### AIM OF THE EXERCISE
Output the data word for word, dropping every image.

### DATASET EXTRACT
========
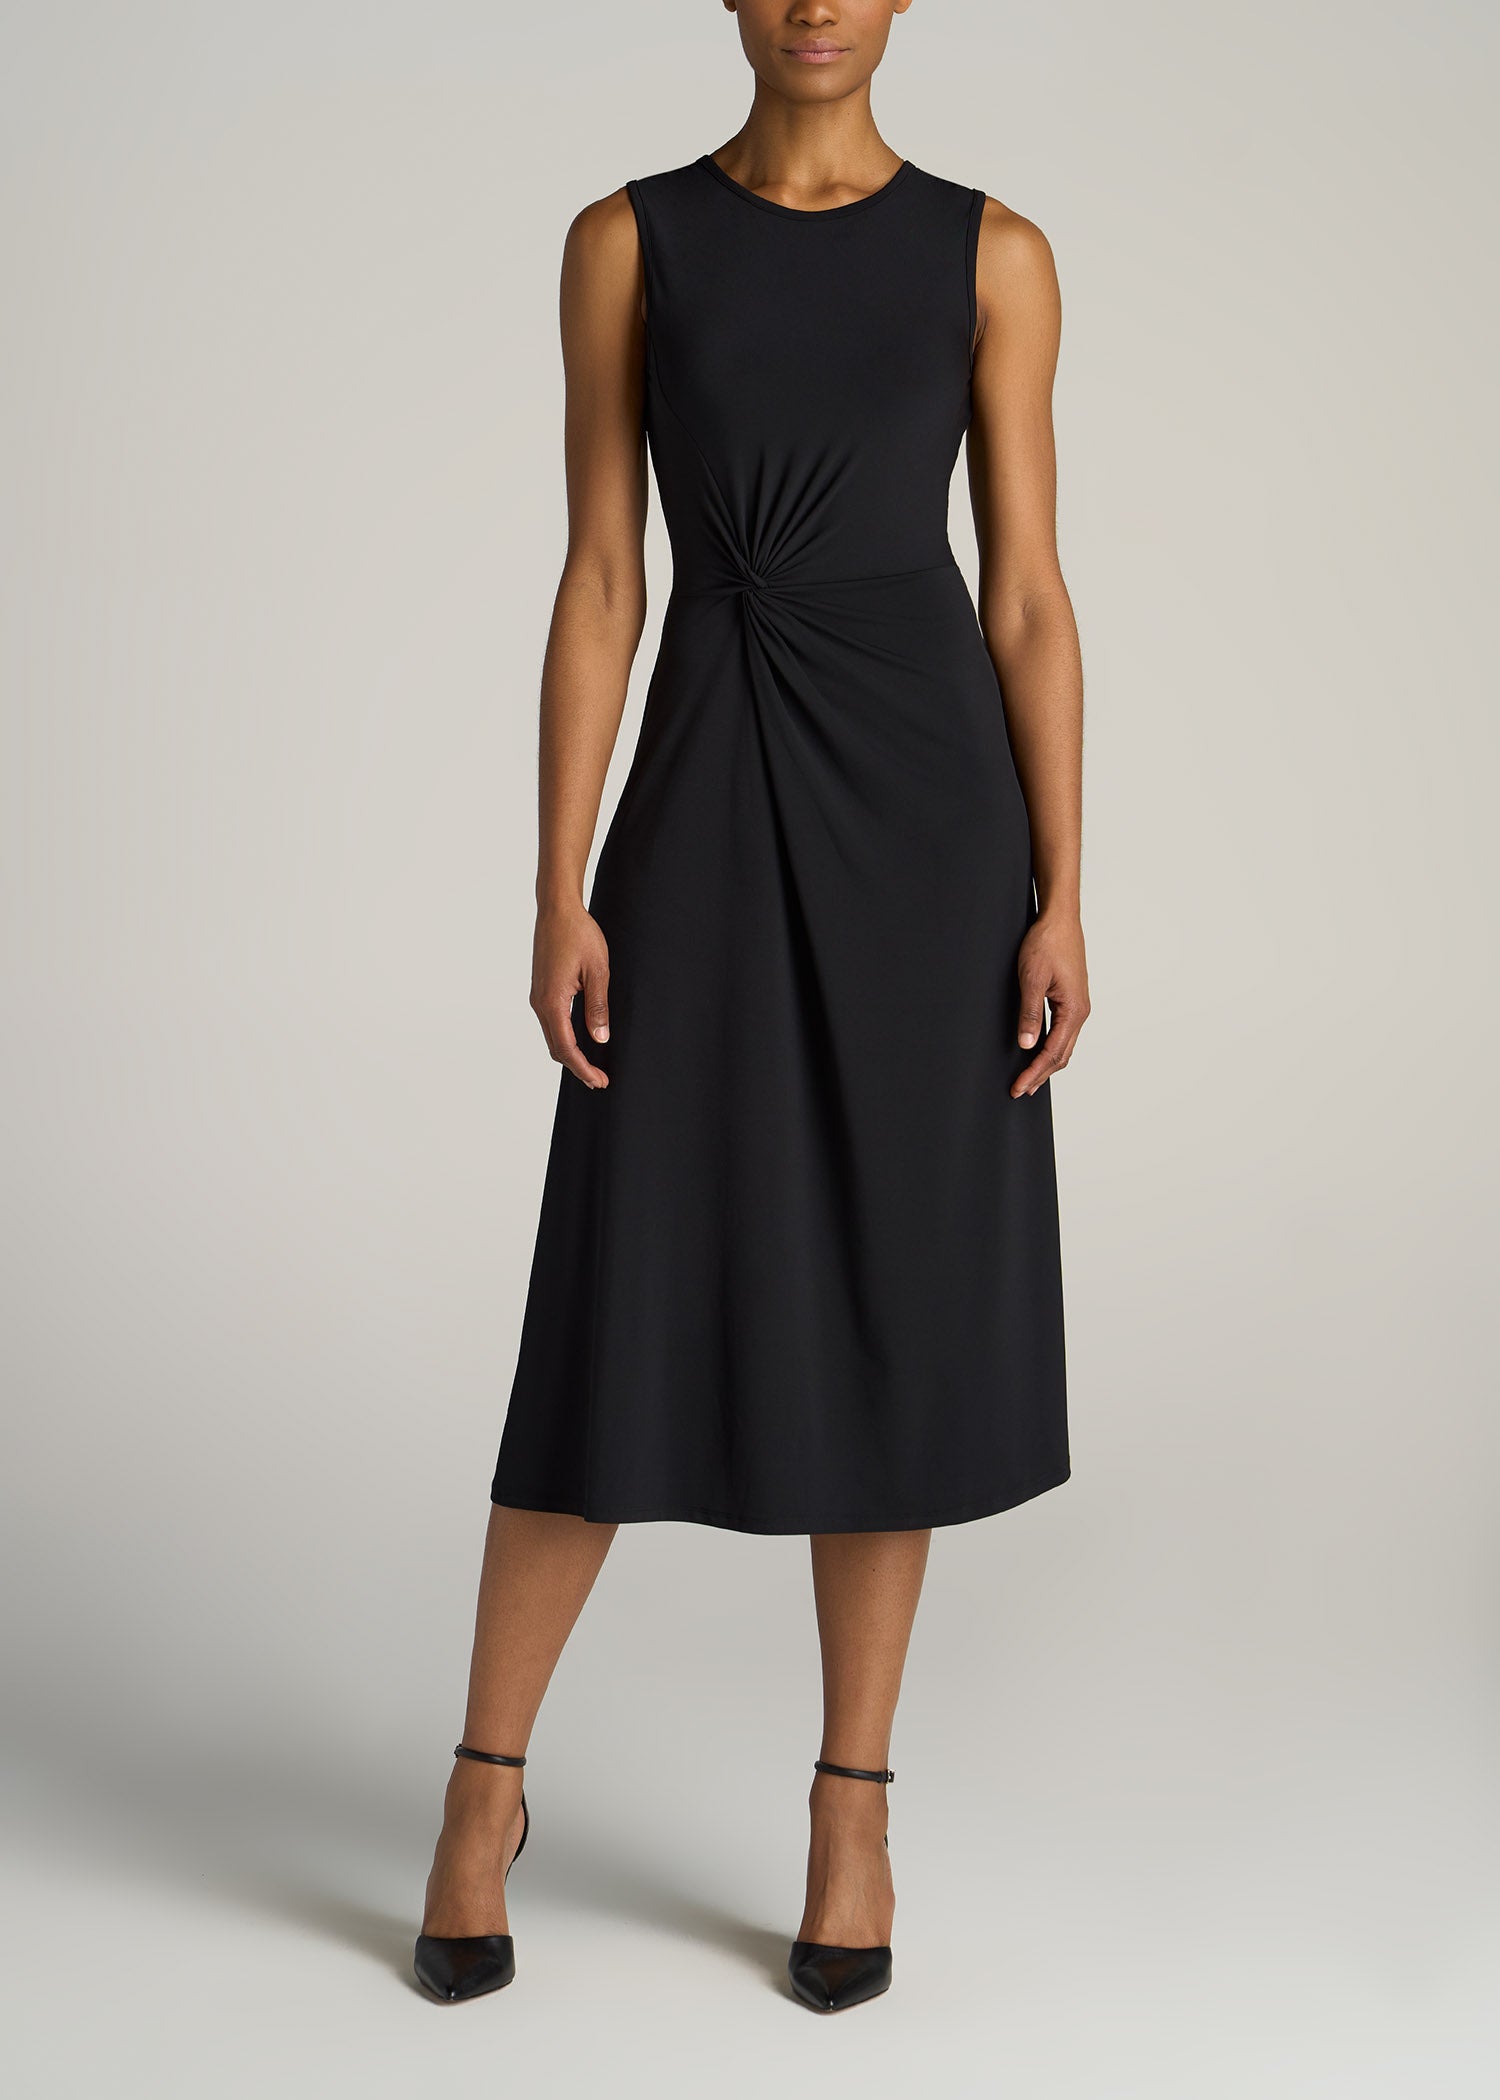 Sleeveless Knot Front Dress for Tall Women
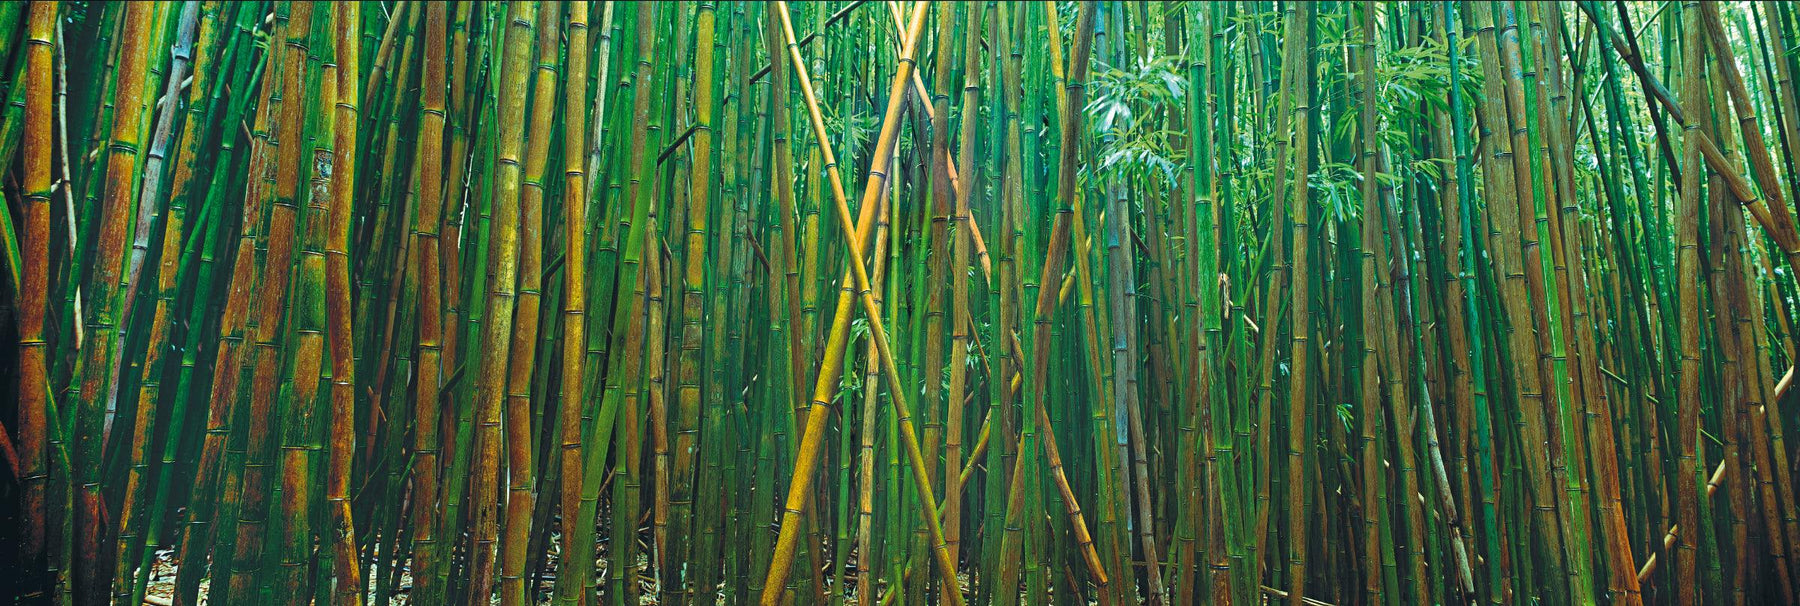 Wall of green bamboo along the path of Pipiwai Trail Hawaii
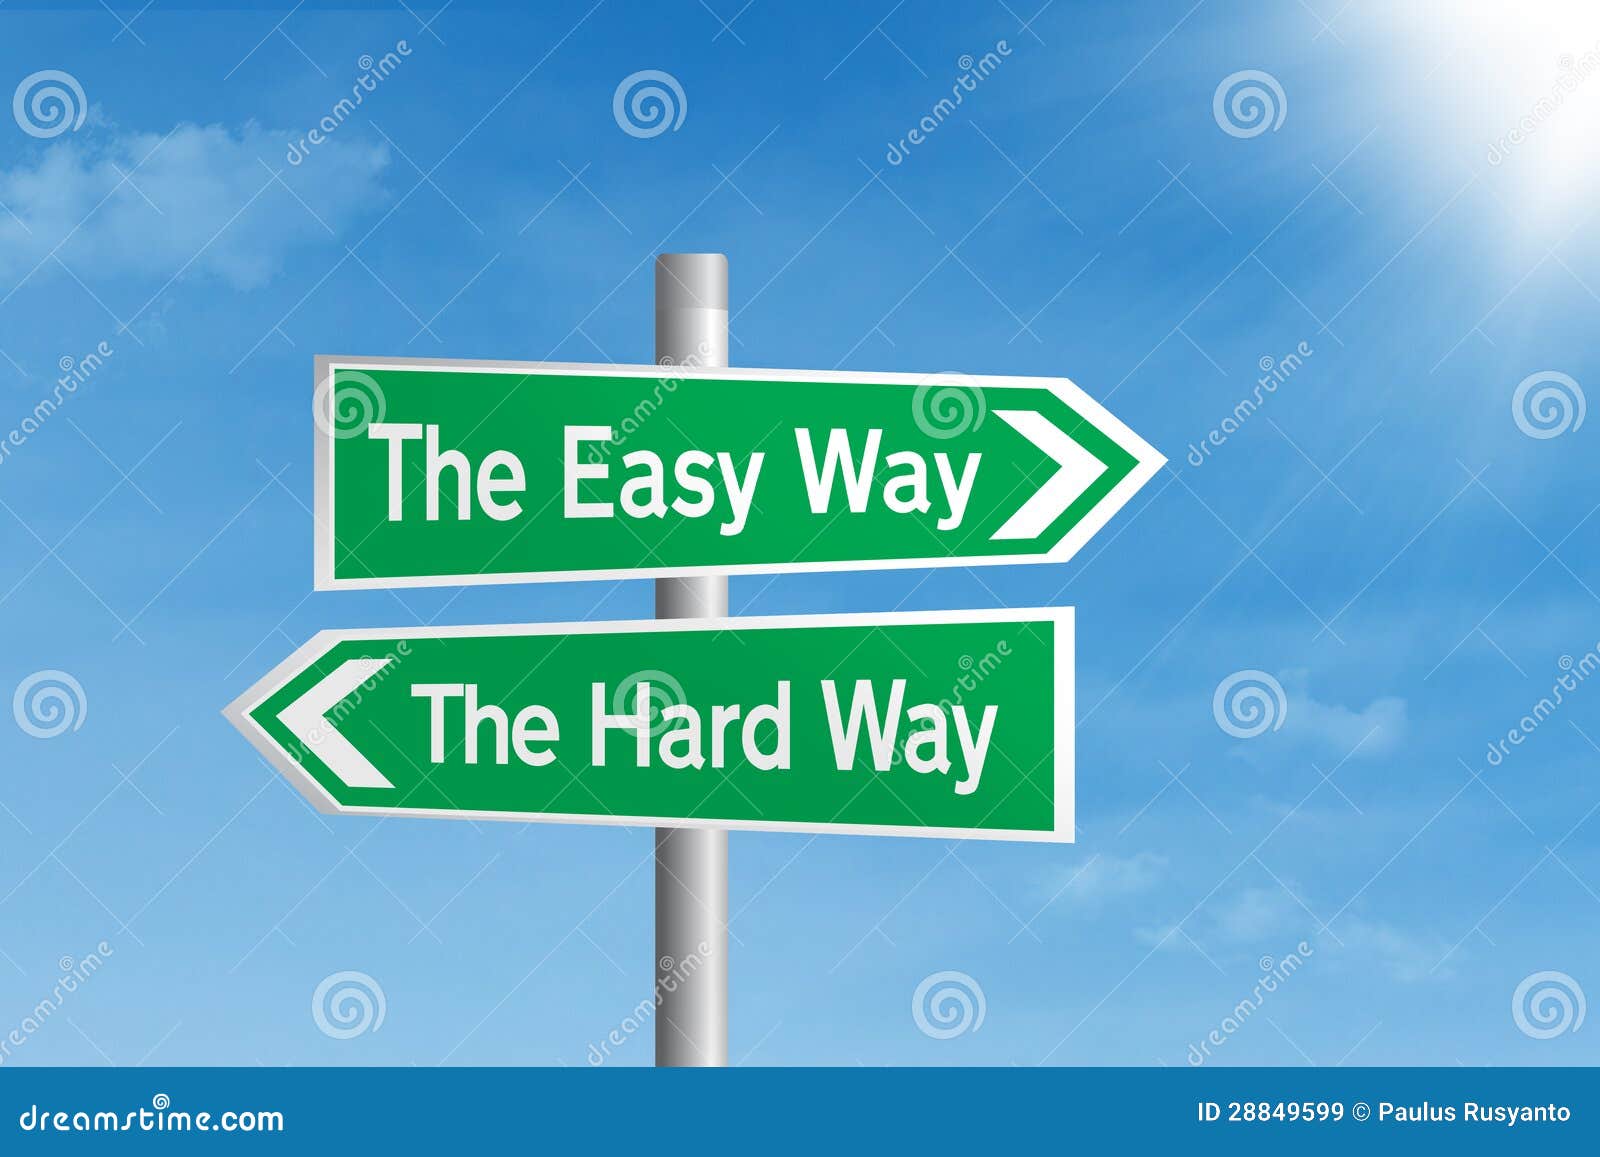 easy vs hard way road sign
========
### TASK RESPONSE
 Sleeveless Knot Front Dress for Tall Women
 Wall of green bamboo along the path of Pipiwai Trail Hawaii
 easy vs hard way road sign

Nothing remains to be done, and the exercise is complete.